Çin, ailelerini ‘rehin’ tutarak yurtdışındaki Uygurlara baskı yapıyor
Araştırmacılar, Çin’in yurtdışında yaşayan Uygurları geride bıraktıkları aileleriyle tehdit ederek insan hakları gönüllülerinin yurtdışındaki faaliyetleri hakkında bilgi toplamaya çalıştığını söylüyor. Uygur mülteciler ve gönüllüler BBC’ye bu tür tehdit taktiklerinin toplumu bölen derin bölünmelere yol açtığını söylediler.
Alim’in annesi ekrana gelir gelmez “Sevgili oğlum, sen ölene kadar seni göremeyeceğim diye korktum” diyor.

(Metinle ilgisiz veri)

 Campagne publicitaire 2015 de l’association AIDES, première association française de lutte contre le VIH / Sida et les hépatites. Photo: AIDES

Alim -gerçek adı değil- toplantının kafasını karıştırdığını söylüyor.
Bir video bağlantısı yoluyla yapılan bu röportaj, Alim’in 6 yıl önce ülkesinden kaçıp Birleşik Krallık’ta sığınma başvurusunda bulunmasından bu yana annesiyle yaptığı ilk düzgün konuşma.
Ancak görüşme başkasının gözetiminde yapıldığı için heyecanına burukluk da karışır. Kuzeybatı Çin’de yaşayan birçok Müslüman Uygur azınlığın tüm üyeleri gibi, Alim’in annesi de gözetim ve kontrol altında yaşıyor. Hiçbir zaman doğrudan birbirlerini arayamazlar.

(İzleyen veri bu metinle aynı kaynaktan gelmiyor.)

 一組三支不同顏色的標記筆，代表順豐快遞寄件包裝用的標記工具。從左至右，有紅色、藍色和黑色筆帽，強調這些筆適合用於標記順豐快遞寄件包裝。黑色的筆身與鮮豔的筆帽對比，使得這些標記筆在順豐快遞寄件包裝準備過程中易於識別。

Daha önce aracı bir kişi bir telefondan Alim’i, diğer telefondan annesini görüntülü arayarak aradı, ardından telefonları yüz yüze tutarak konuşmalarına izin verdi. Ancak bu şekilde birbirlerinin gölgesini görüp boğuk bir ses duyabiliyorlardı ve toplantı sırasında sık sık birlikte ağlıyorlardı.
Alim, görüşmeyi ayarlayan kişinin Çinli bir polis memuru olması nedeniyle bir bedeli olacağını bile bile annesiyle görüştüğünü söylüyor.
Görüşmeyi yapan polis daha sonra bu kez Alim’i aradı ve Alim’den İngiltere’deki Uygur insan hakları gruplarının toplantılarına katılarak bilgi toplayıp iletmesini istedi.
Kendisinin ajan olarak hareket etmesini talep eden telefon görüşmelerinin kayıtlarını BBC ile paylaşan Alim, “Londra’da Çin’i protesto etmek için ne zaman bir gösteri olsa, arayıp kimin katıldığını soruyorlar” diyor.
Alim’e ayrıca, çoğu İngiliz vatandaşı olan Çinli insan hakları gruplarının liderleriyle onları akşam yemeğine götürmesi ve faturayı ödemesi için arkadaş olması için para teklif edildi.
Polis ayrıca, bunu şüphe uyandırmadan yapabilmesi için bir paravan şirket kurmayı teklif ediyor. Alim’e de bu amaçla birçok paravan şirketin birçok kişi adına kurulduğu söylenir.
Kabul etmezse ailesinin zarar göreceği tehdidi Alim’i çıkmaza sokar.
Hükümetlerin yurtdışındaki muhalefet faaliyetlerini kontrol etmek ve denetlemek için kullandıkları taktikler. sınır ötesi baskıdenir.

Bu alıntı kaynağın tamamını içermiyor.